Friday, April 08, 2005

Heroes and Sacrifice


My wife brought to my attention a trend in American culture, to confuse "survival" with heroism. That is, if somebody survives an ordeal, they are often branded as a "hero" even if they did not perform any act which was even slightly heroic. Now, I'm fine with survival stories, and Readers Digest used to make them a staple of pretty much every edition. ("Drama in Real Life" - do they still run those stories?) And it can take a great deal of fortitude to pull yourself through a horrendous ordeal. But I guess I would like to see a more restrained use of the word "hero" by those who would bestow it without regard to whether the beneficiaries of that label demonstrated any concern for others, let alone whether they engaged in any form of noble sacrifice.

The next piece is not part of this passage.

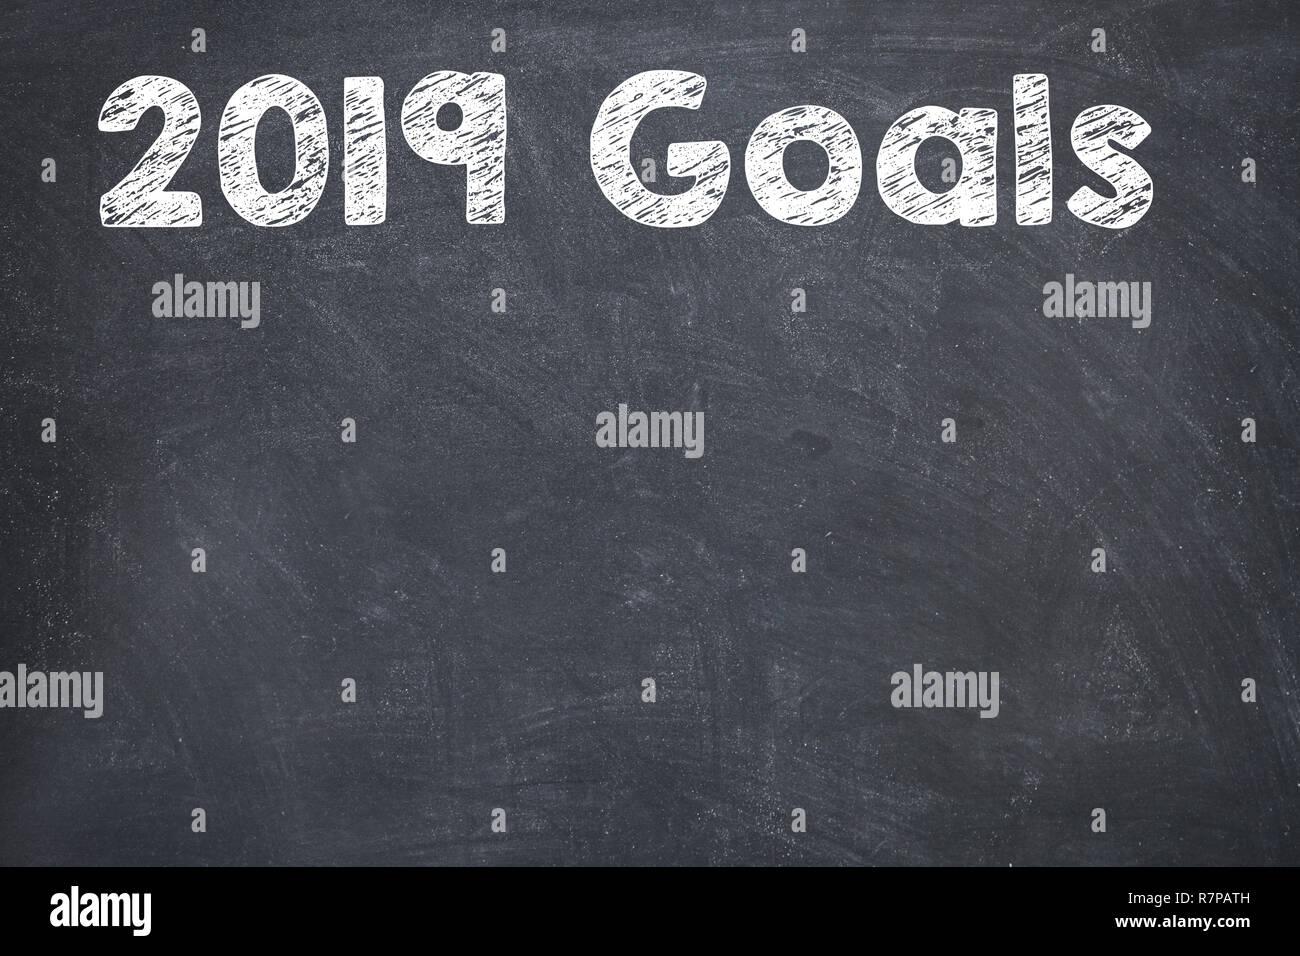 Goals 2019 on Blackboard - Stock Image

It strikes me as odd that our culture also works so hard to tear down heroes. We celebrate our heroes, real or false, but then seem to hope that they stumble or fall. Perhaps we are more comfortable with false heroes - victims of circumstance who do only what they need to do to survive - because that's the type of "hero" we can most easily imagine becoming. And perhaps we're quick to magnify any stumble, or grab on to any salacious rumor, associated with a bona fide hero because deep down we can't stand that some people truly are braver than us, and even better than us.

1 comment:

  1. But I guess I would like to see a more restrained use of the word "hero" by those who would bestow it without regard to whether the beneficiaries of that label demonstrated any concern for others, let alone whether they engaged in any form of noble sacrifice.

    Generally speaking, what I have noticed is that anyone who is able to survive any harrowing ordeal is now thrust onto the cover of "TIME" magazine and labelled a hero. Prime modern example? Jessica Lynch. She was shot, she spent some time in a POW camp, she was liberated. End of story. I mean, how many others from our multitudinous wars could be classified similarly, yet in WWII they weren't considered heroes - most of them were just doing their jobs.

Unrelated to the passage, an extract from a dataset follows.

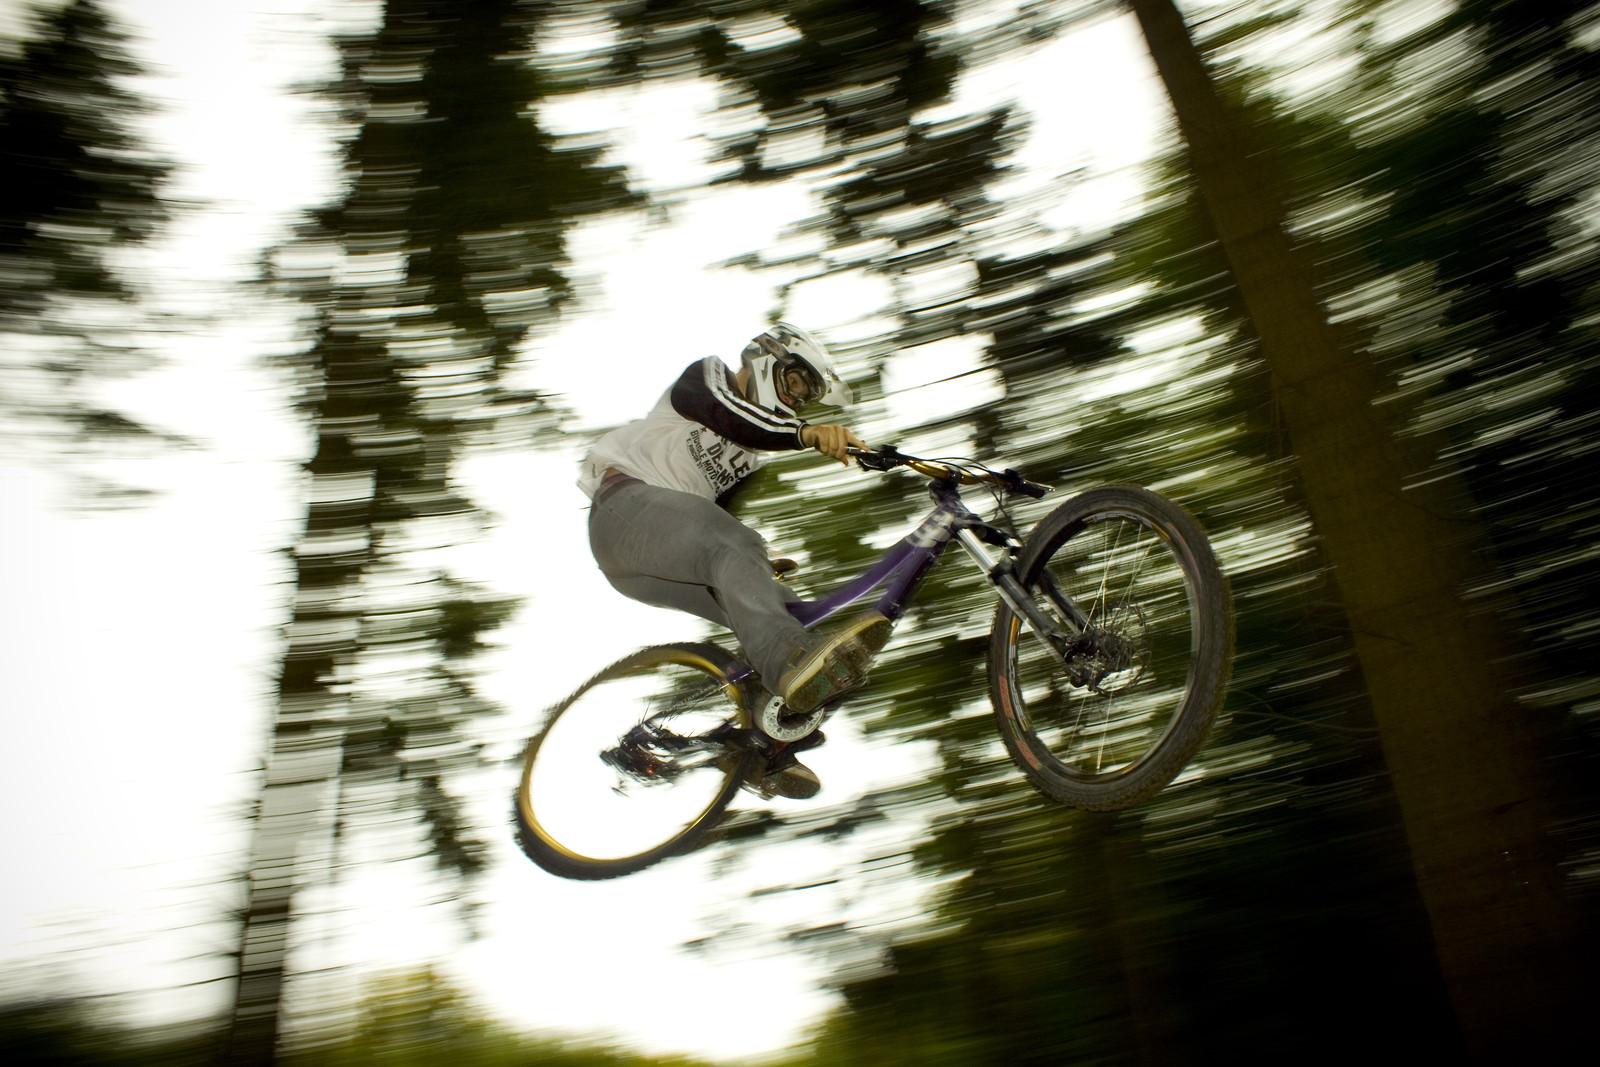 Rowan - bikematter - Mountain Biking Pictures - Vital MTB

    But even more so, when it comes to just ordinary survival, even in perhaps extraordinary circumstances, it is very basic human nature. There is nothing meritorious about the drive for self-preservation. Recently, I was watching a 'Discovery' program about the Donner Party, and the program concluded by saying that survival by cannibalism was not reproachable, but actually a heroic story of the triumph of the human spirit. While I tend to agree that those folks trapped within a ten-feet-deep blinding blizzard in the Sierra's back in the late 1800's were not depraved for doing what they had to in order to survive, I would hardly classify them as heroes.

    I guess a main distinguisher, if you will, between a hero and a survivor is pretty basic: a hero is one who sacrifices their needs for a greater good. It doesn't have to mean with their lives, but oftentimes, in life-or-death
    situations, it does mean lying down your life so that others may be saved. The real heroes are rarely left "surviving" to tell their heroic tales.